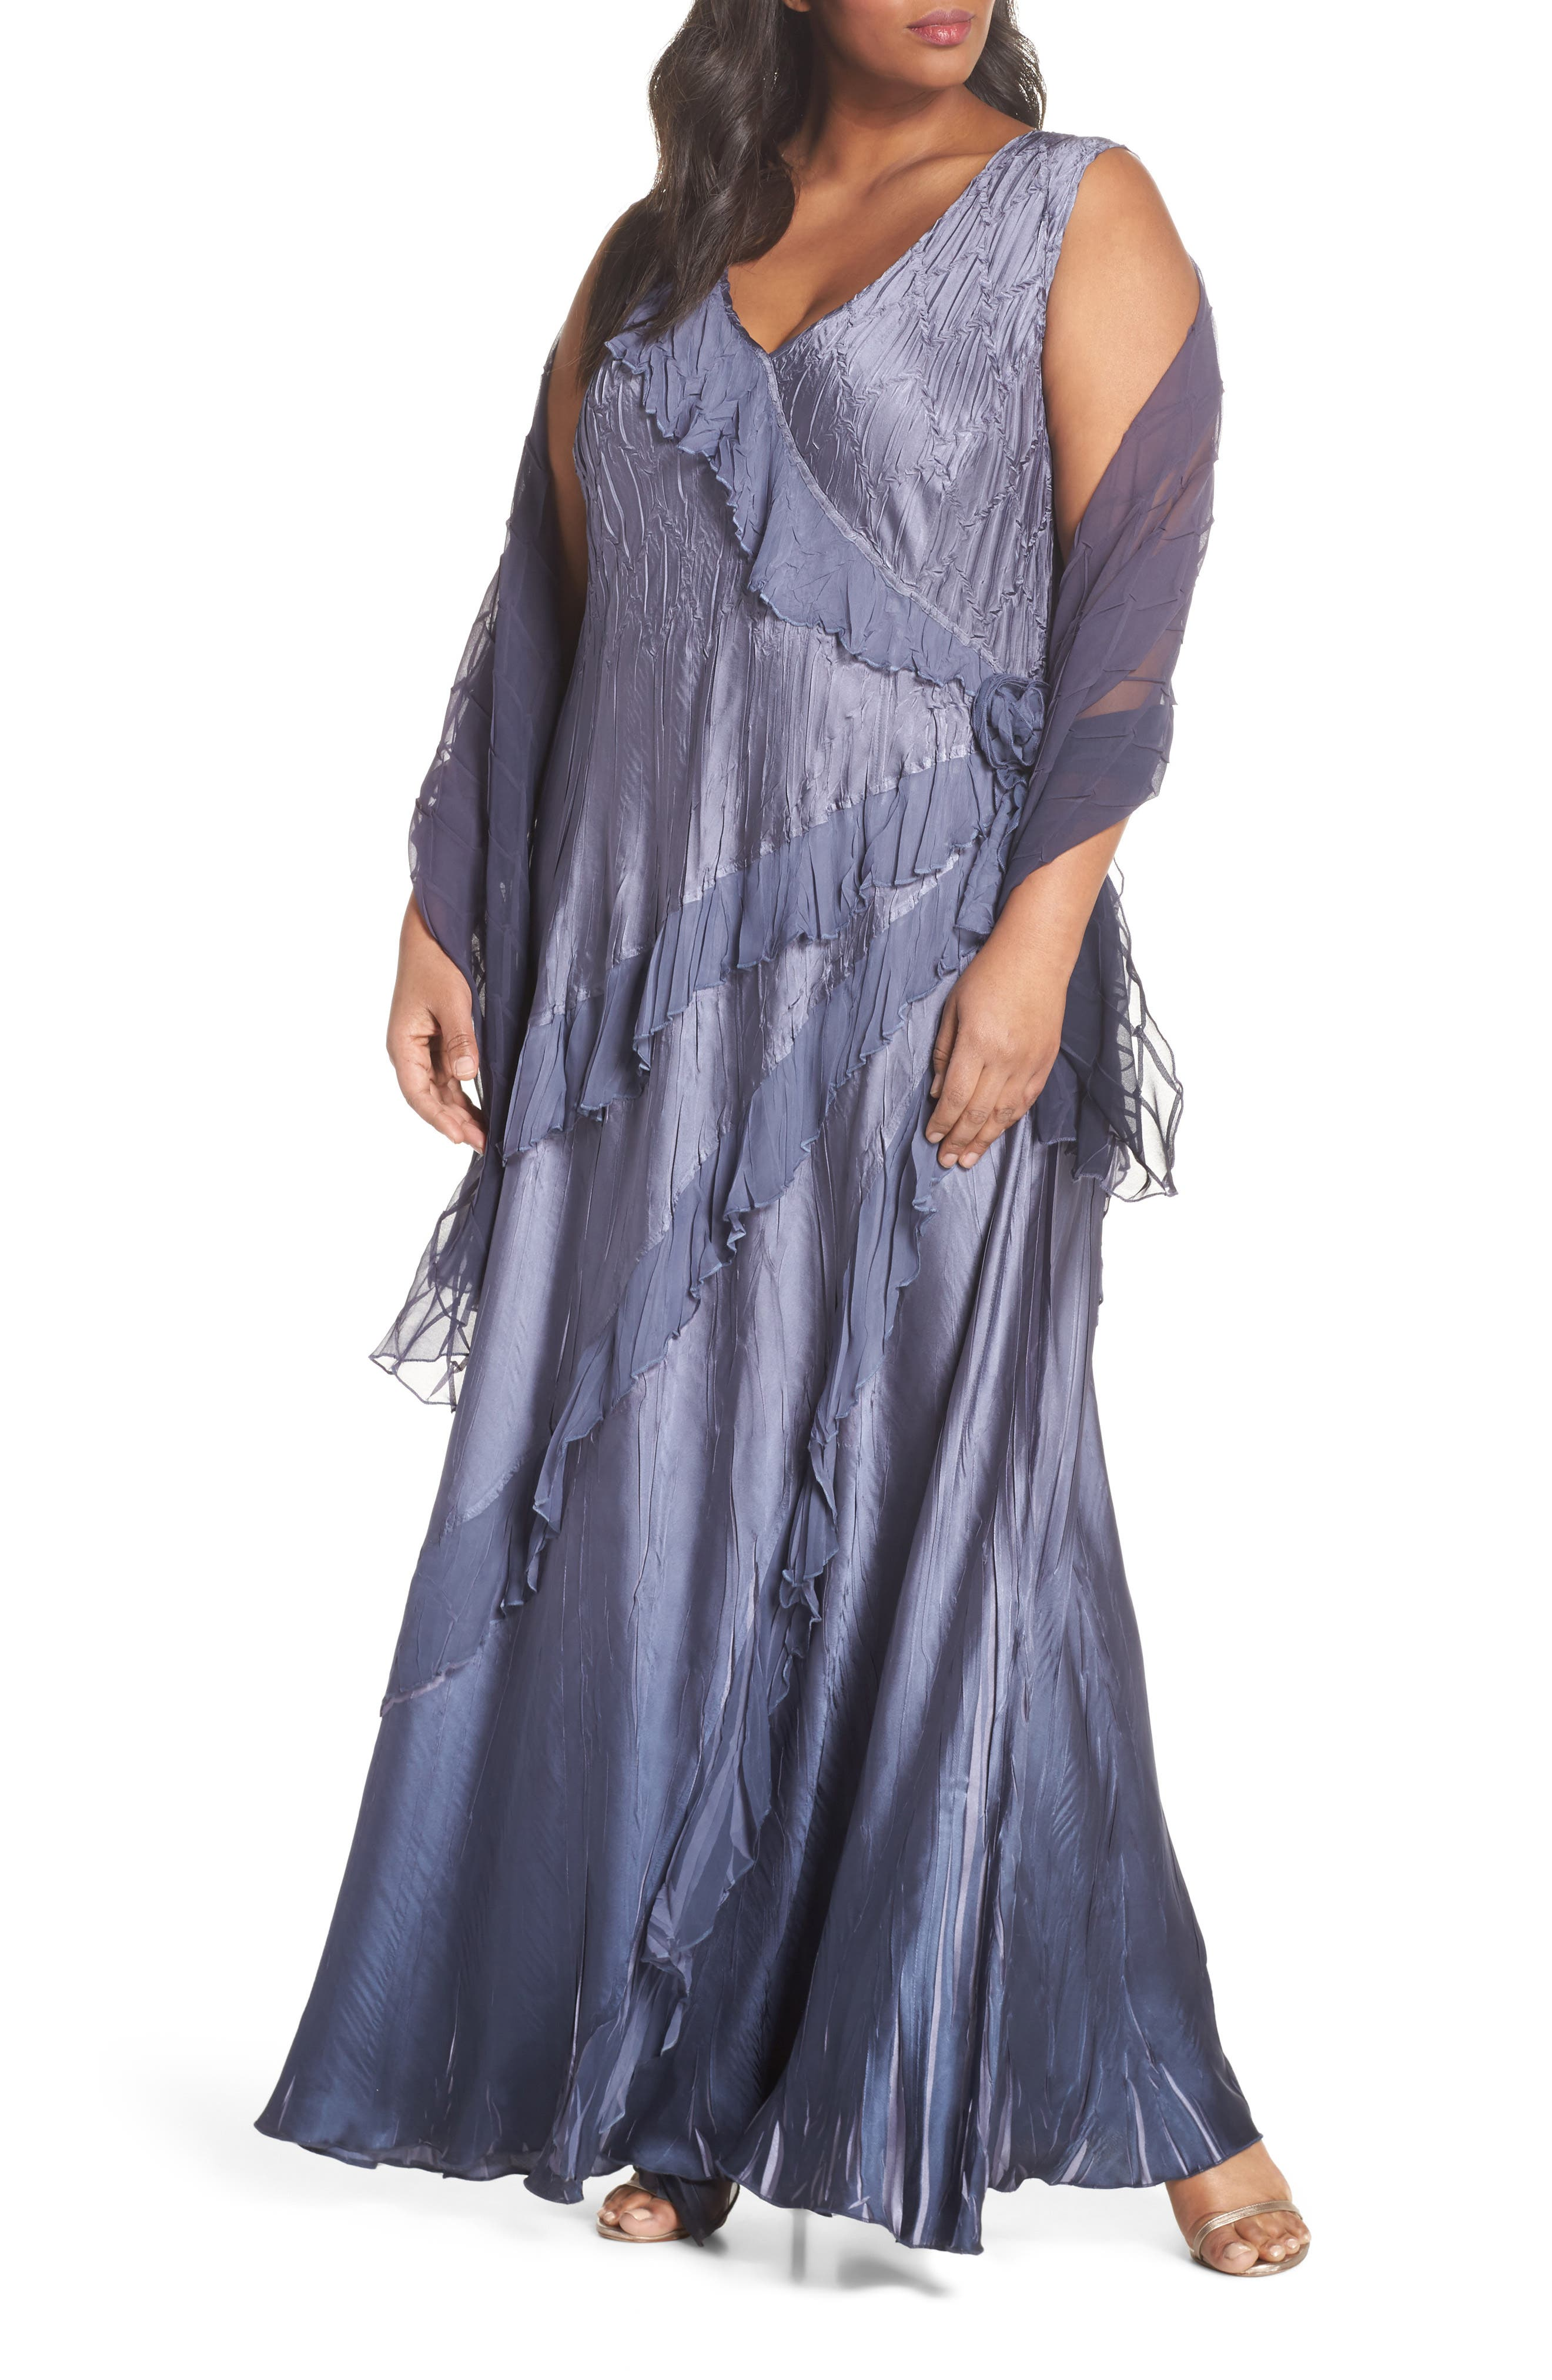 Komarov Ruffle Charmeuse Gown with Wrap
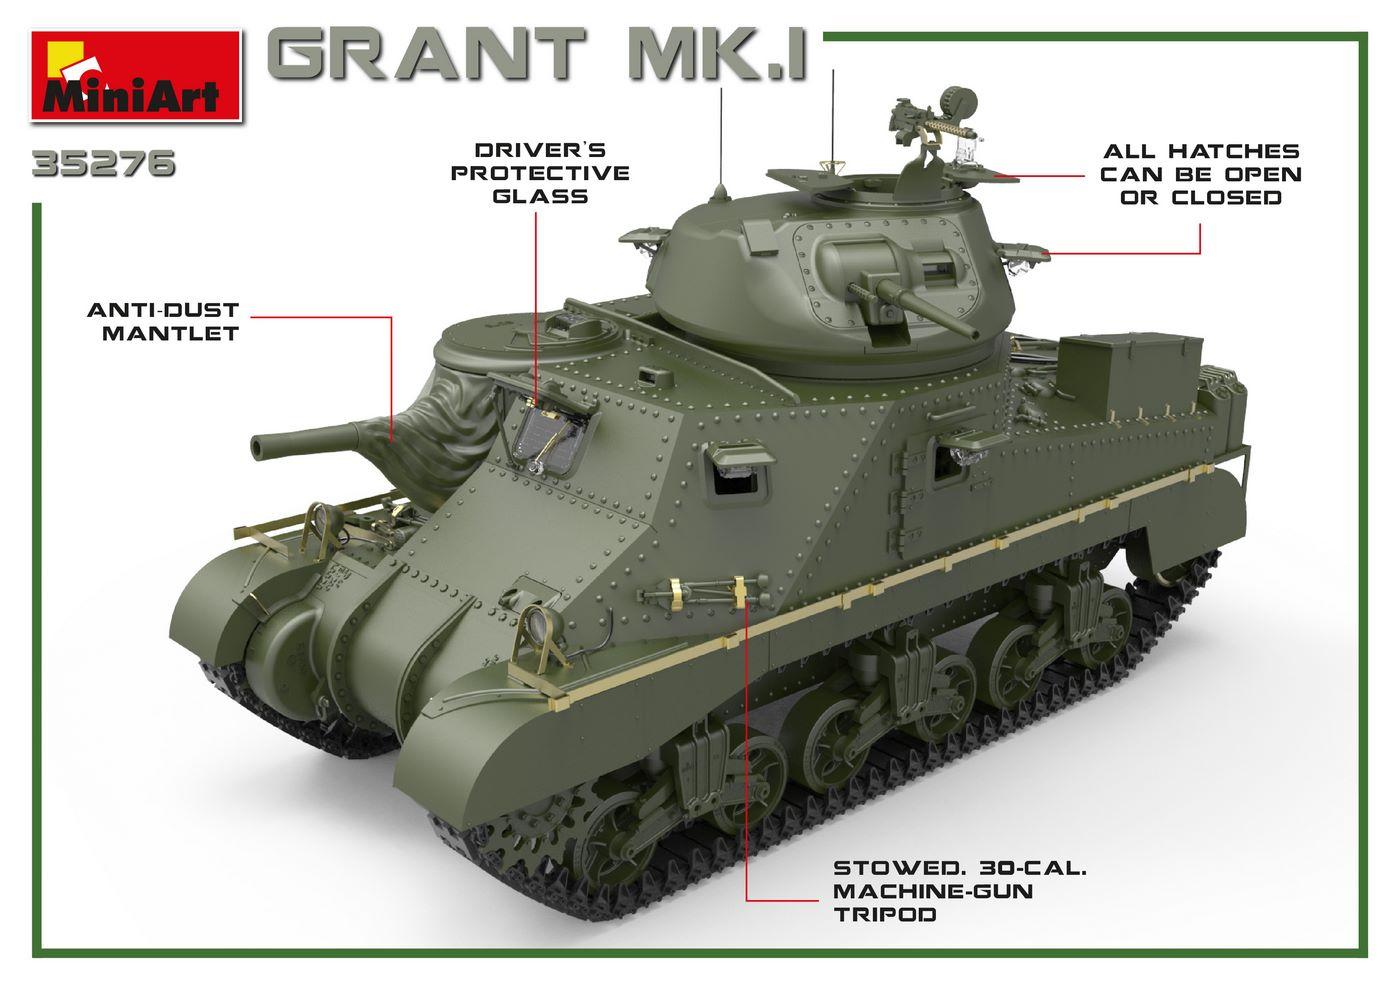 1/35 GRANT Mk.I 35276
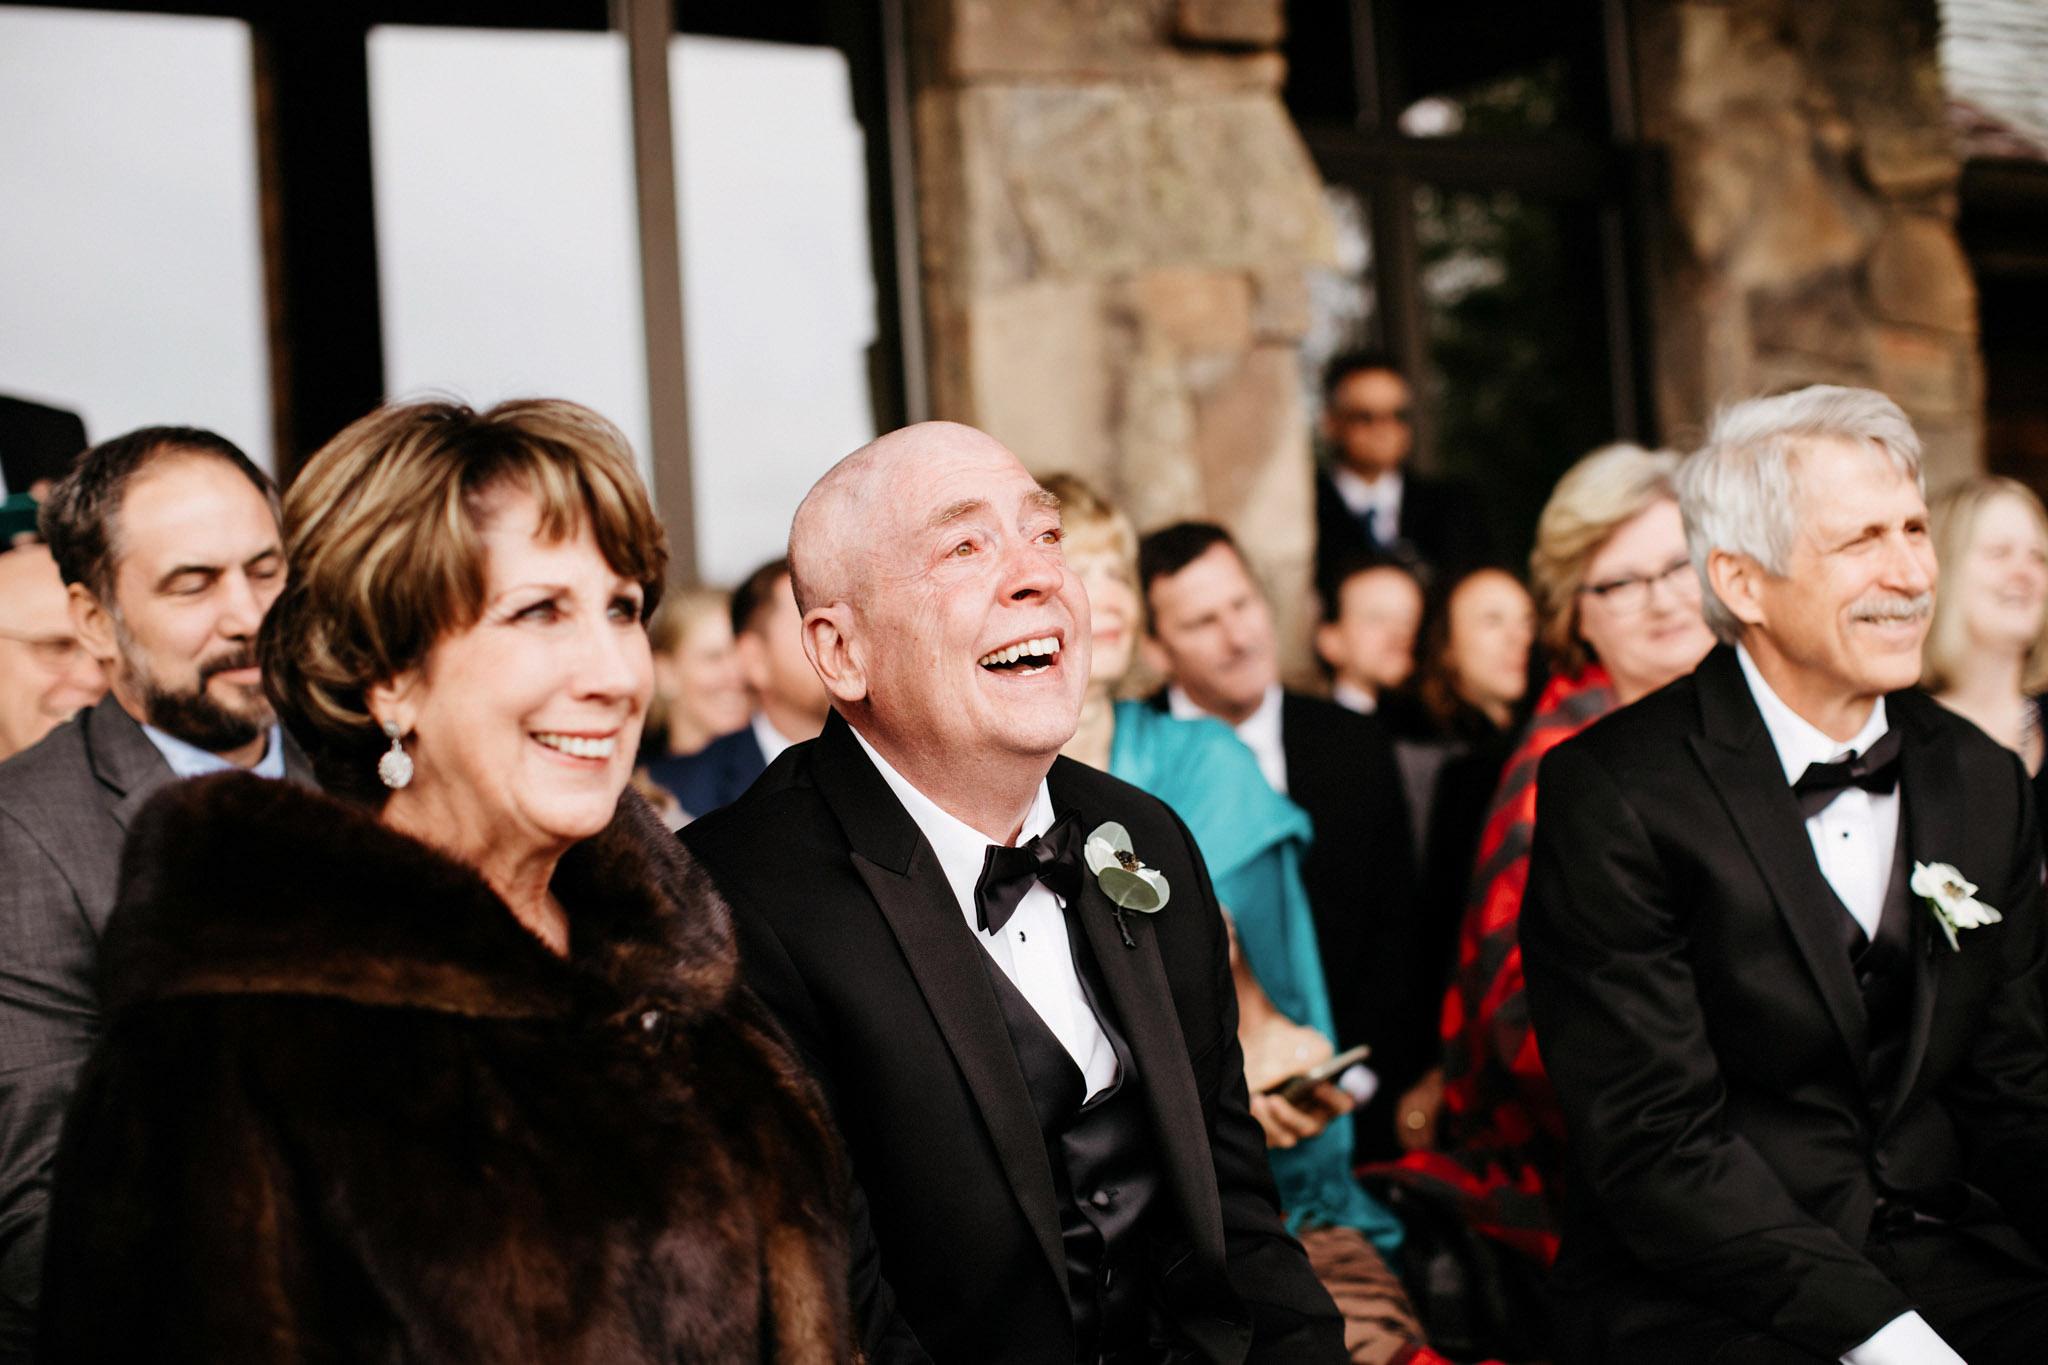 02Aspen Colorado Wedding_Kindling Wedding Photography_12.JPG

= Task requirements =
What you print must be exactly the lines from the one containing "1/35 GRANT Mk.I 35276" through the last line of the material, and no pictures.

= Written response =
 1/35 GRANT Mk.I 35276
 02Aspen Colorado Wedding_Kindling Wedding Photography_12.JPG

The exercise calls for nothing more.